Hon. Lawrence G. Wasden, Attorney General; Kenneth K. Jorgensen, Deputy Attorney General, Boise, for respondent.
Before LORELLO, Chief Judge; HUSKEY, Judge; and BRAILSFORD, Judge
PER CURIAM
Peter O'Donald Clarke entered Alford pleas to aggravated assault, Idaho Code §§ 18-901, 18-905, and two misdemeanor counts of sexual battery, I.C. § 18-924. The district court imposed a determinate five-year sentence for aggravated assault, suspended the sentence, and placed Clarke on probation for five years. For the first count of sexual battery, the district court imposed 365 days of jail to be served. For the second count of sexual battery, the district court imposed 365 days of jail, suspended the sentence, and placed Clarke on probation for two years. The sentence for the aggravated assault runs consecutively to the two misdemeanor sentences. Clarke appeals, contending that his sentences are excessive.
See North Carolina v. Alford, 400 U.S. 25 (1970).

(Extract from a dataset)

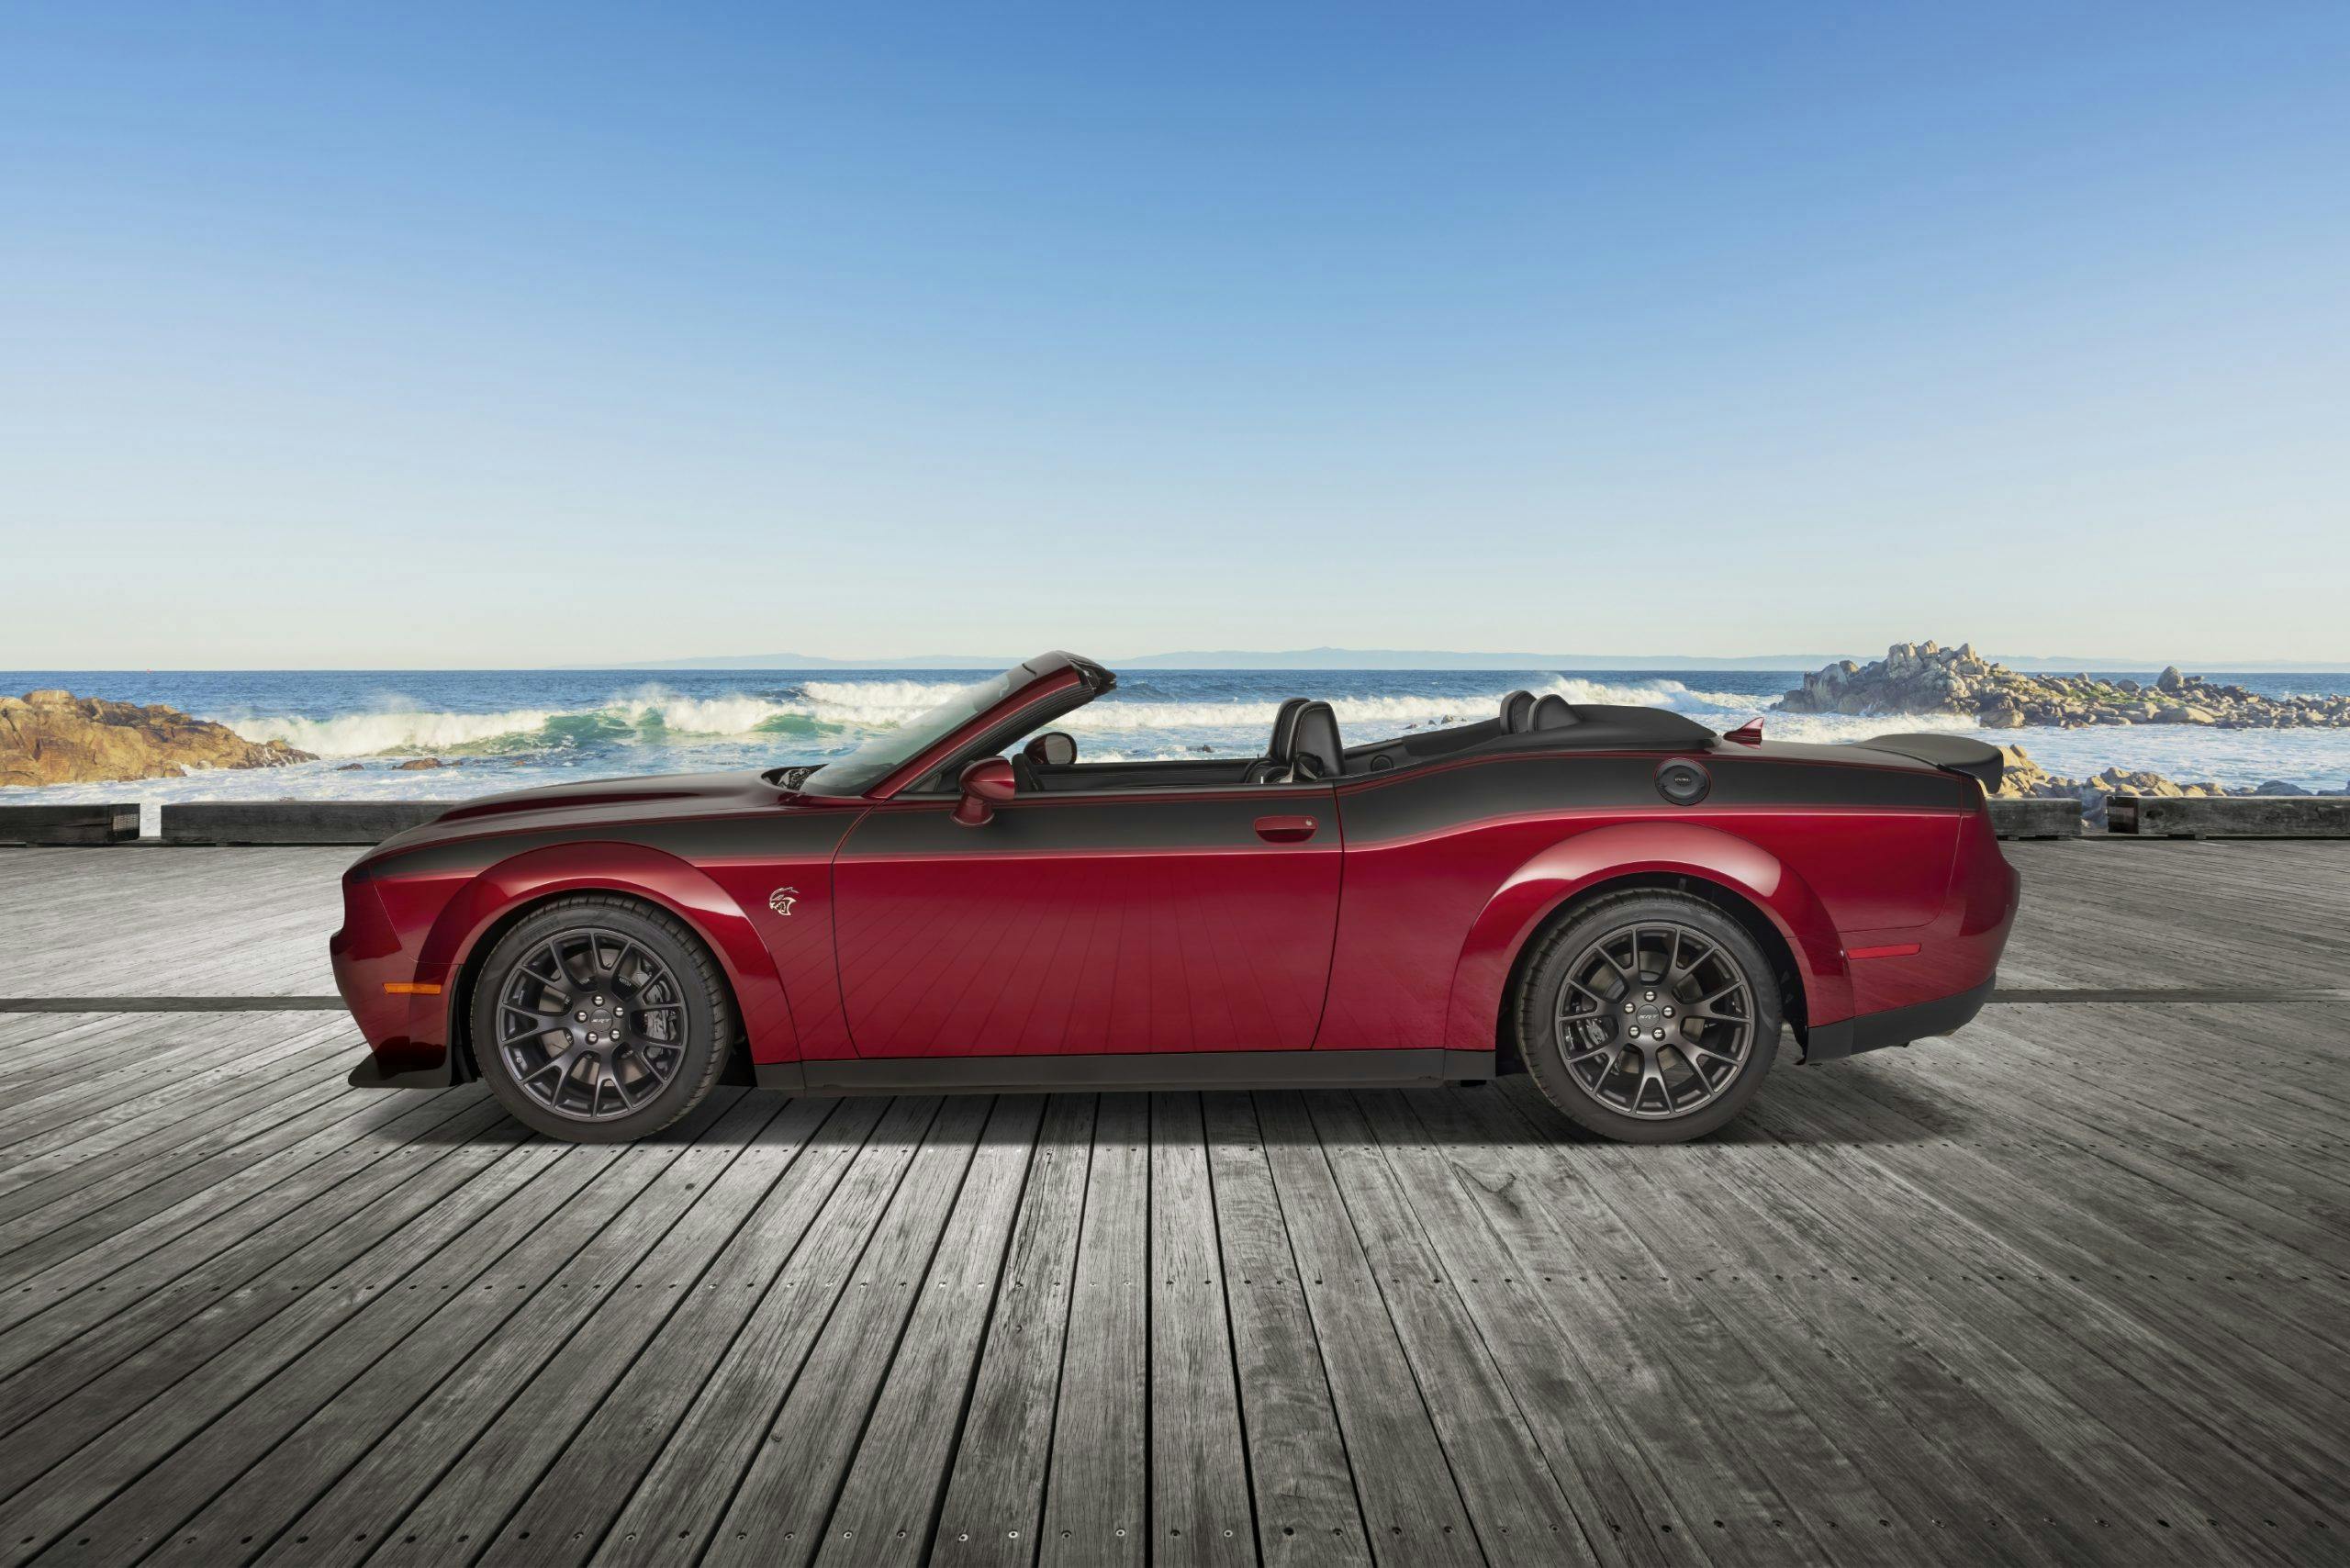 2022 Dodge Challenger Hellcat Jailbreak convertible Drop Top customs
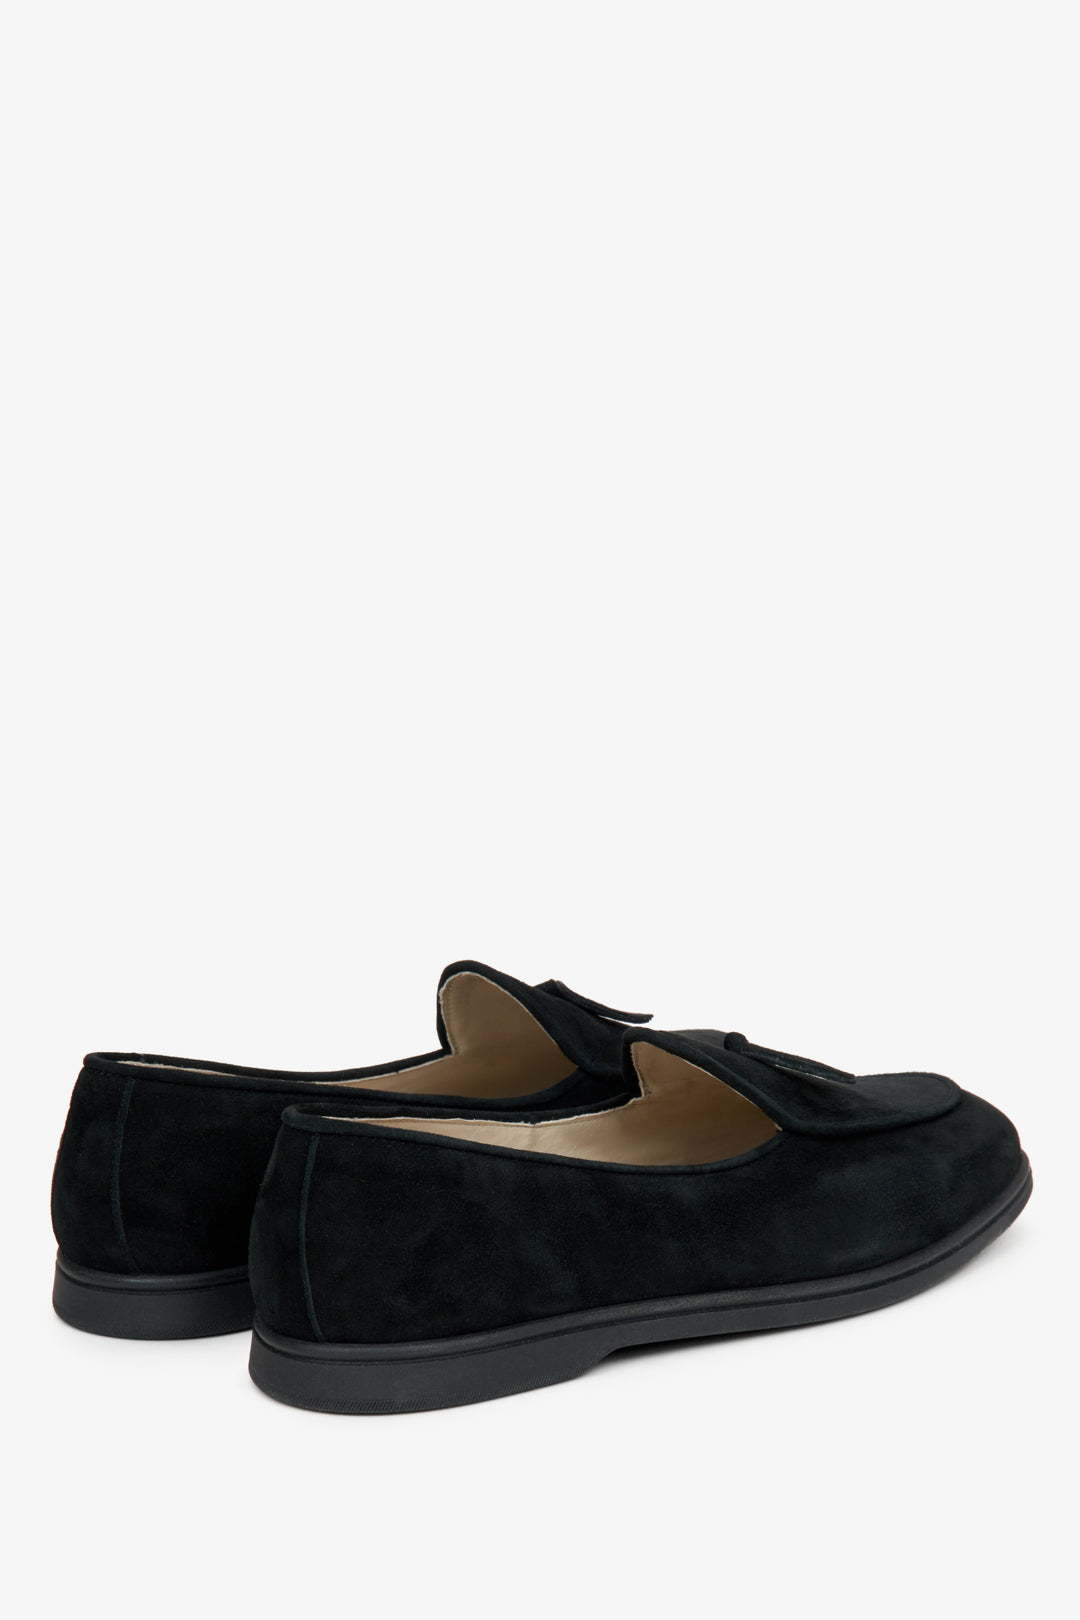 Damskie czarne mokasyny z weluru naturalnego Estro - zbliżenie na zapiętek i linię boczną butów.

Sentencing is a matter for the trial court's discretion. Both our standard of review and the factors to be considered in evaluating the reasonableness of the sentence are well established and need not be repeated here. See State v. Hernandez, 121 Idaho 114, 117-18, 822 P.2d 1011, 1014-15 (Ct. App. 1991); State v. Lopez, 106 Idaho 447, 449-51, 680 P.2d 869, 871-73 (Ct. App. 1984); State v. Toohill, 103 Idaho 565, 568, 650 P.2d 707, 710 (Ct. App. 1982). When reviewing the length of a sentence, we consider the defendant's entire sentence. State v. Oliver, 144 Idaho 722, 726, 170 P.3d 387, 391 (2007). Our role is limited to determining whether reasonable minds could reach the same conclusion as the district court. State v. Biggs, 168 Idaho 112, 116, 480 P.3d 150, 154 (Ct. App. 2020).
Applying these standards, and having reviewed the record in this case, we cannot say that the district court abused its discretion. Therefore, Clarke's judgments of conviction and sentences are affirmed.